With the increase in propensity score modeling reported in the medical literature, there is a clear need for researchers to be transparent with their methods to facilitate peer review. In fact, there are several publicly available best practice guidelines, some specific to cancer research, that address this issue.15,16,17 All agree that authors should state their rationale for selecting their statistical methods and model variables, how they address missing data in their cohort, diagnostics used for assessing the regression model, and how adjustment/propensity scores change treatment effects from the baseline cohort. Unfortunately for the reader, the details of the present study’s analyses are not shown, their models assumptions and performance left unstated, and the treatment effects unclear since they mention both inverse-probability weighting and adjustment after propensity matching. The reader is left with the conclusion that patients selected for primary site surgery do better than those treated with systemic therapy alone, which is contradicted by RCTs. What remains unclear is whether their methodology was strong enough to underscore their conclusion that in the subset of HER2-enriched patients, RCT data should be disregarded in favor of their cohort data.

The authors use the word ‘impact’ in the title, implying a causal link between surgery and survival in this setting implies.

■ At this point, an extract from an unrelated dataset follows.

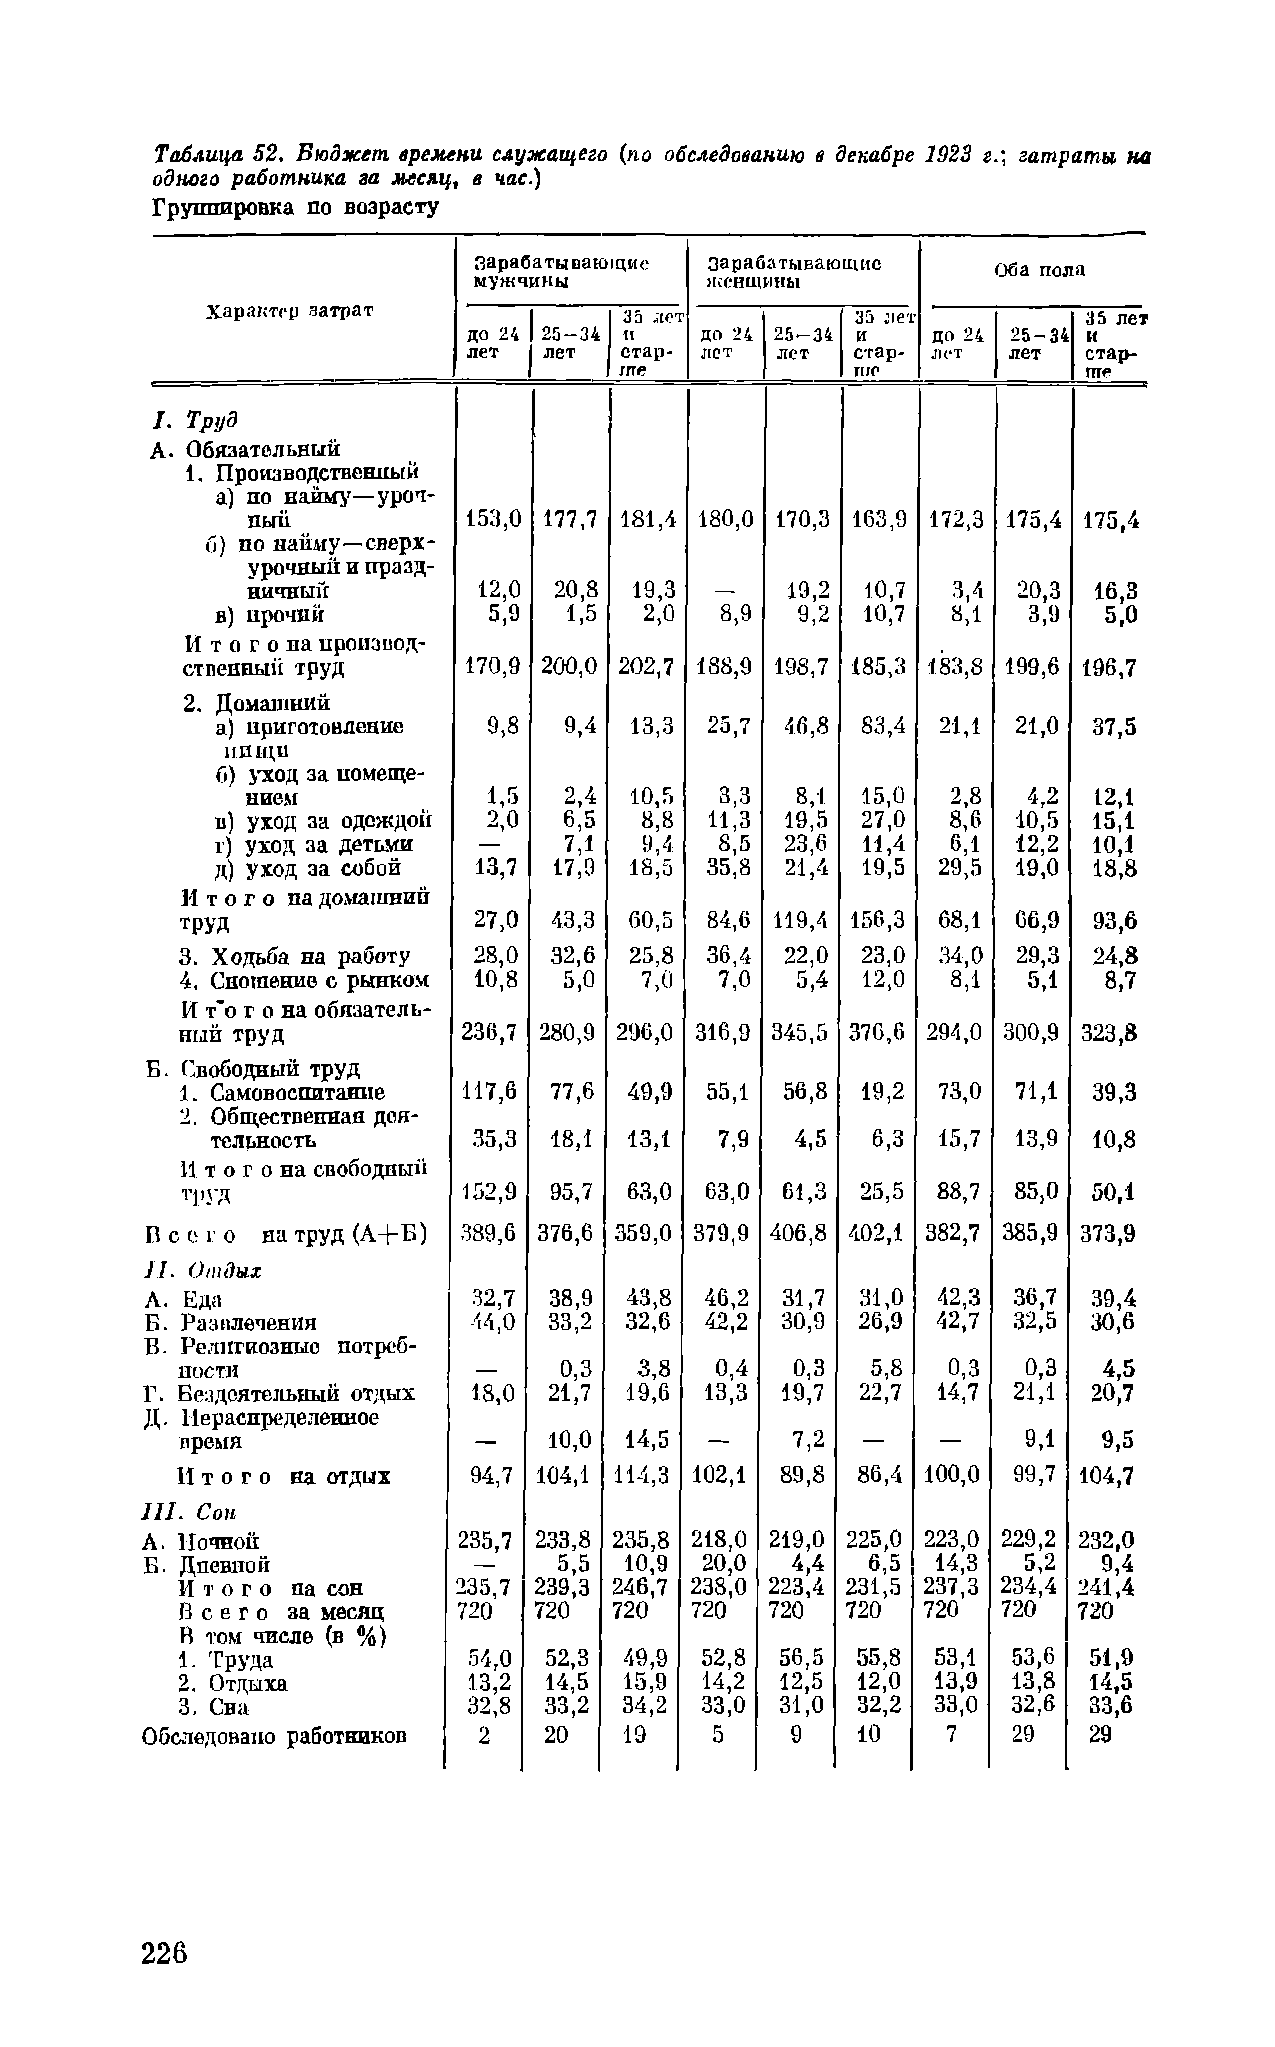 Таблица 52, Бюджет времени служащего (по обследованию в декабре 1923 г. затраты на одного работника за месяц, в час.) Группировка ш возрасту
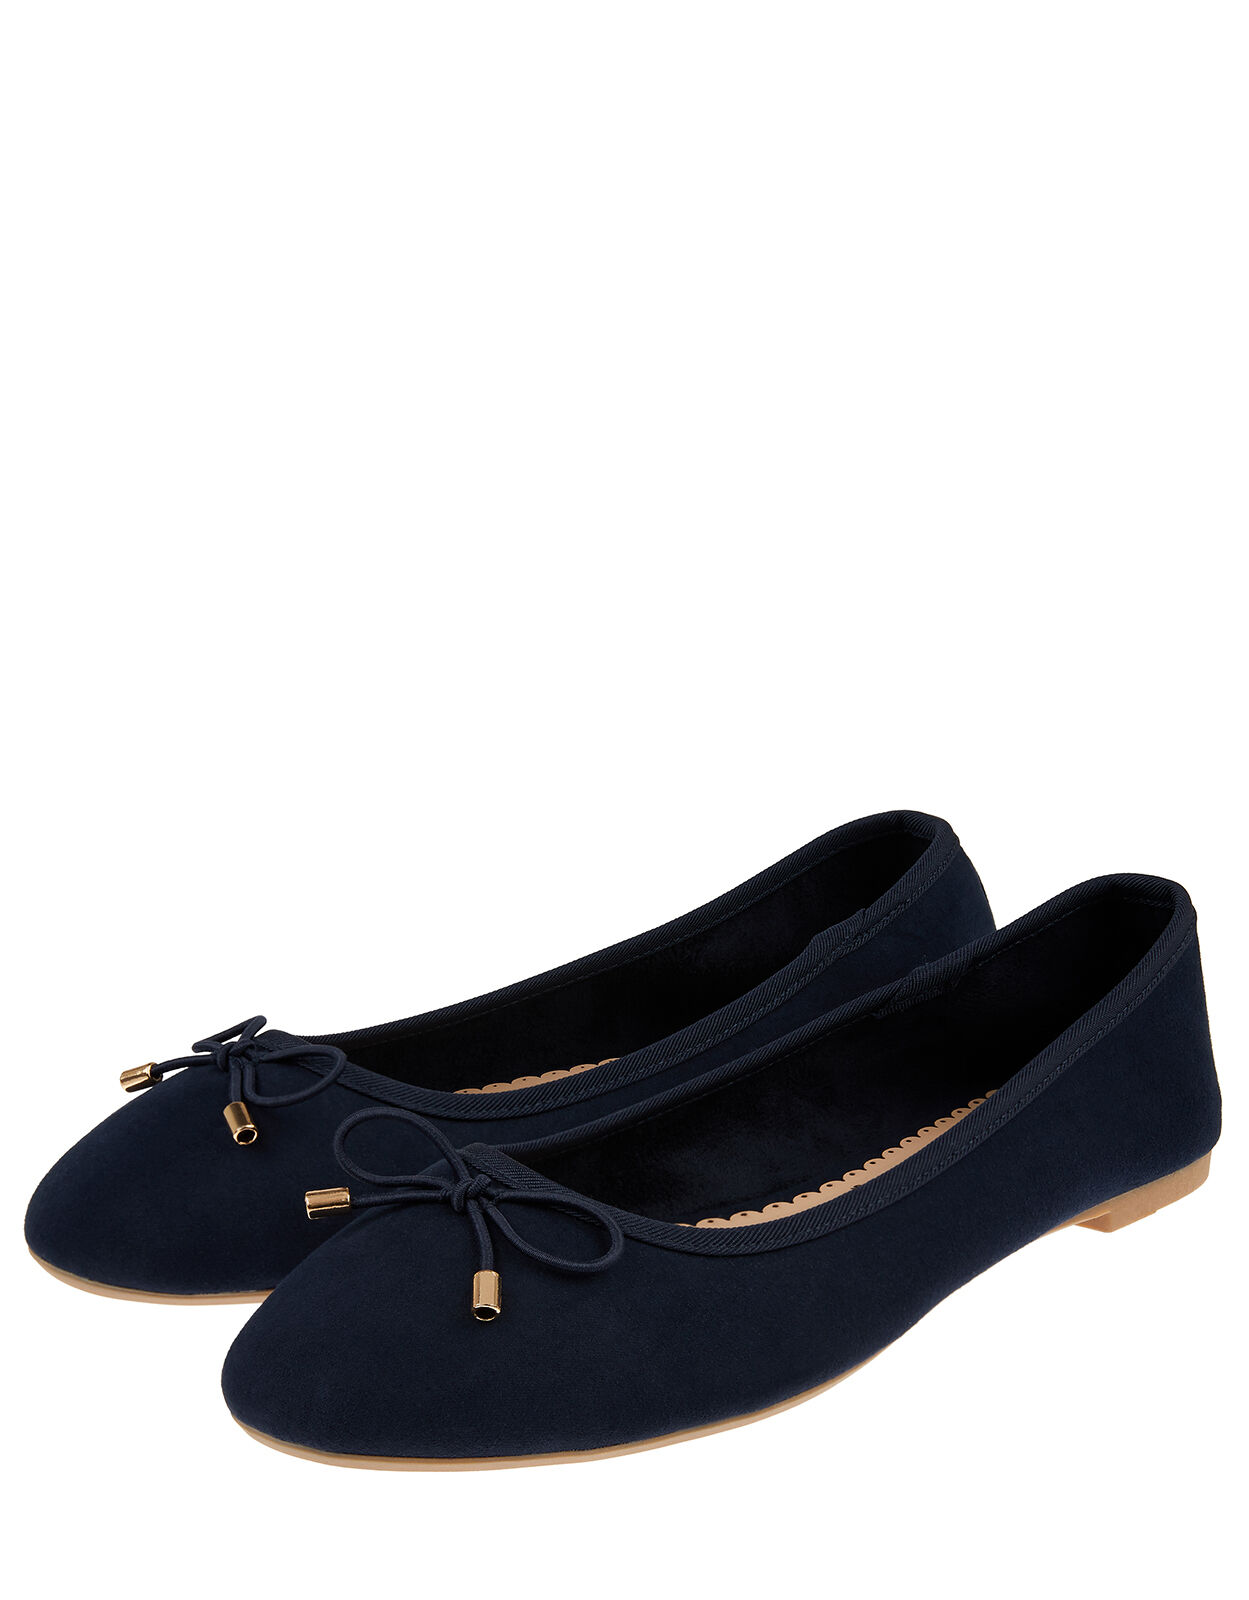 navy blue flat shoes uk

This wording is problematic because the majority of physicians and surgeons treating patients with breast cancer are not trained extensively in statistical methods to independently develop a nuanced understanding of the limitations of these data. It is easy to imagine a situation where someone would conclude, based on the study’s title and presentation, that primary site surgery should be offered to patients with metastatic HER2-amplified breast cancer, and counsel the patient that they are expected to live longer with that approach. This is not supported by the data and is a potentially dangerous strategy. To be clear, we do not advocate for withholding primary site surgery in metastatic disease, rather we advocate that discussions on the matter should not cite survival benefits that are unproven in RCTs and are unsubstantiated by opaque analyses of cohort data.

Surgery in the setting of metastatic disease is an exercise in patient selection, and we as a surgical community have generally been excellent in selecting the right patients. However, to derive the most accurate estimate of surgery’s value (and not the surgeon’s selection) we need carefully conducted and honestly reported cohort studies.